Le candidat de gauche colombien, Iván Cepeda, a reconnu sa défaite face au candidat d'extrême droite, Gustavo Petro, à l'issue du second tour de l'élection présidentielle, le scrutin le plus serré de l'histoire du pays. Avec 50,2% des voix contre 49,8% pour Cepeda, Petro l'emporte par une marge de seulement 0,4 point de pourcentage, soit environ 120 000 voix d'écart sur près de 30 millions de suffrages exprimés.
Une reconnaissance rapide pour préserver la démocratie
Dès la publication des résultats officiels par le Registre national de l'état civil, Iván Cepeda a téléphoné à Gustavo Petro pour le féliciter et lui souhaiter bonne chance pour son mandat. Dans une déclaration à la presse, Cepeda a souligné l'importance de respecter la volonté populaire et d'éviter toute tension post-électorale. "La démocratie colombienne sort renforcée de ce scrutin historique. J'appelle tous mes partisans à accepter le résultat et à travailler ensemble pour l'unité nationale", a-t-il déclaré.
Un climat de polarisation extrême
La campagne électorale a été marquée par une polarisation sans précédent entre les deux candidats, représentant des visions radicalement opposées pour l'avenir du pays. Gustavo Petro, ancien guérillero du M-19 et maire de Bogotá, propose un programme de réformes sociales et économiques ambitieuses, tandis que Cepeda, sénateur et défenseur des droits de l'homme, prônait une approche plus modérée de gauche.
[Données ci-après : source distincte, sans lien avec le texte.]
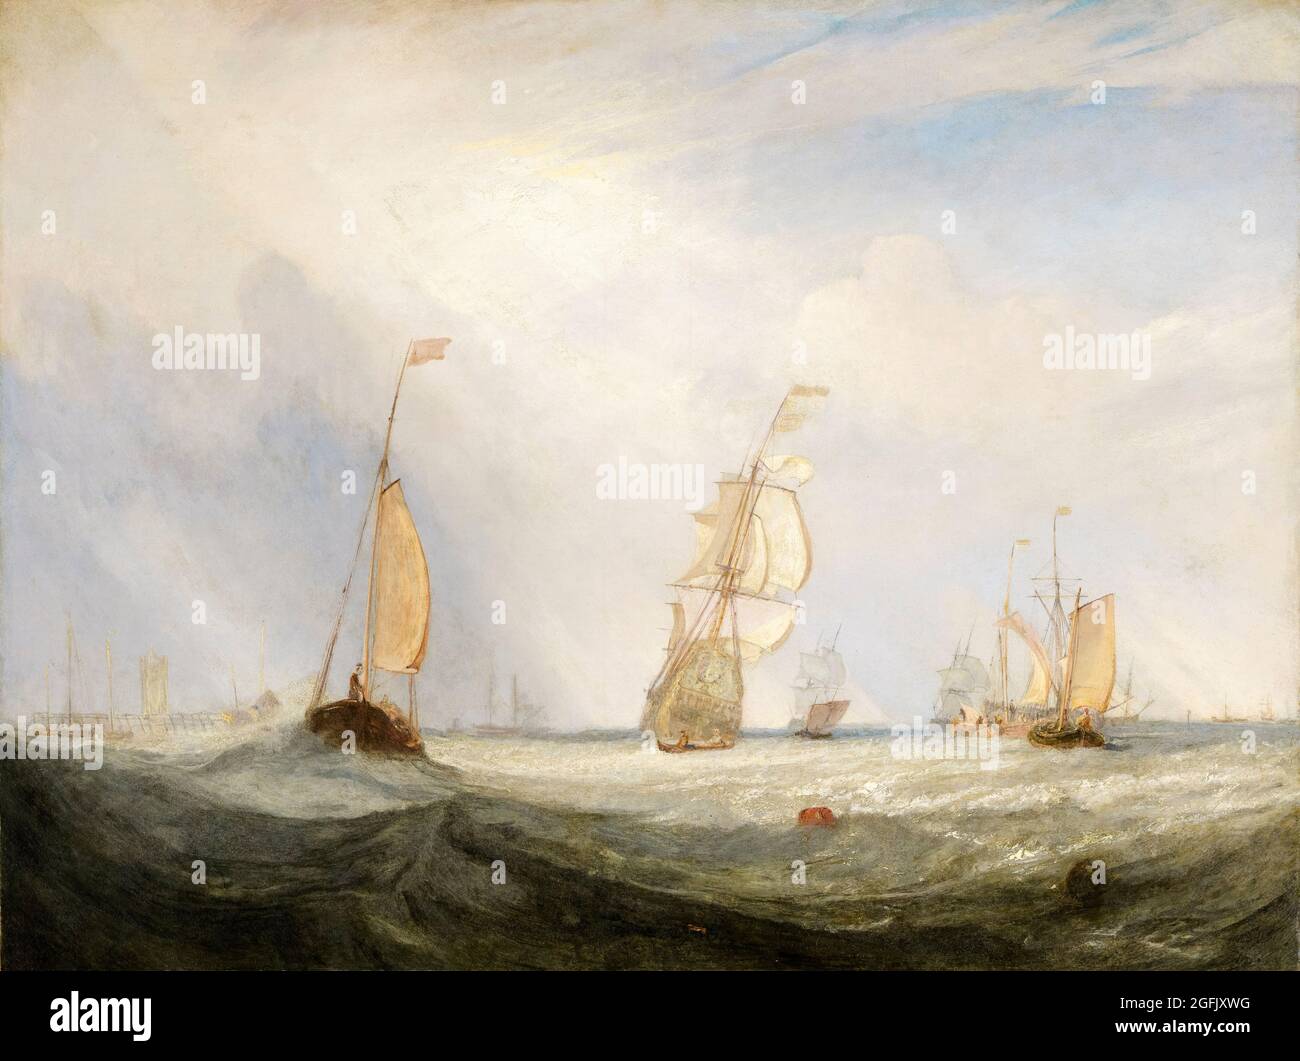 JMW Turner, Helvoetsluys: La ciudad de Utrecht, 64, ir al mar, pintura, 1832 Foto de stock

Les observateurs internationaux ont salué le déroulement pacifique du scrutin, malgré des tensions et des accusations de fraude de part et d'autre.
Une participation record
Le taux de participation a atteint 68%, un record historique pour une élection présidentielle en Colombie, dépassant les 63% du premier tour. Les électeurs se sont massivement déplacés aux urnes, notamment dans les zones rurales et les régions traditionnellement abstentionnistes. Cette mobilisation est perçue comme un signe de l'importance de ce scrutin pour l'avenir du pays, confronté à des défis majeurs tels que l'insécurité, la pauvreté et la corruption.
Les défis du nouveau président
Gustavo Petro devra faire face à une opposition parlementaire forte, la coalition de Cepeda détenant une majorité relative au Congrès. Parmi ses priorités figurent la mise en œuvre de l'accord de paix avec les FARC, la lutte contre les inégalités, la transition énergétique et la réforme du système de santé. Sur le plan international, Petro a promis de renforcer les liens avec les pays voisins et de jouer un rôle actif dans la lutte contre le changement climatique. Son mandat débutera le 7 août prochain.
Réactions internationales
Plusieurs dirigeants mondiaux ont félicité Gustavo Petro pour sa victoire, notamment le président américain Joe Biden, qui a salué "la force de la démocratie colombienne". L'Union européenne a exprimé son espoir de voir la Colombie poursuivre sur la voie de la paix et de la prospérité. De son côté, le président vénézuélien Nicolás Maduro a proposé une coopération bilatérale renforcée. La Chine et la Russie ont également adressé leurs félicitations, soulignant l'importance de la stabilité dans la région.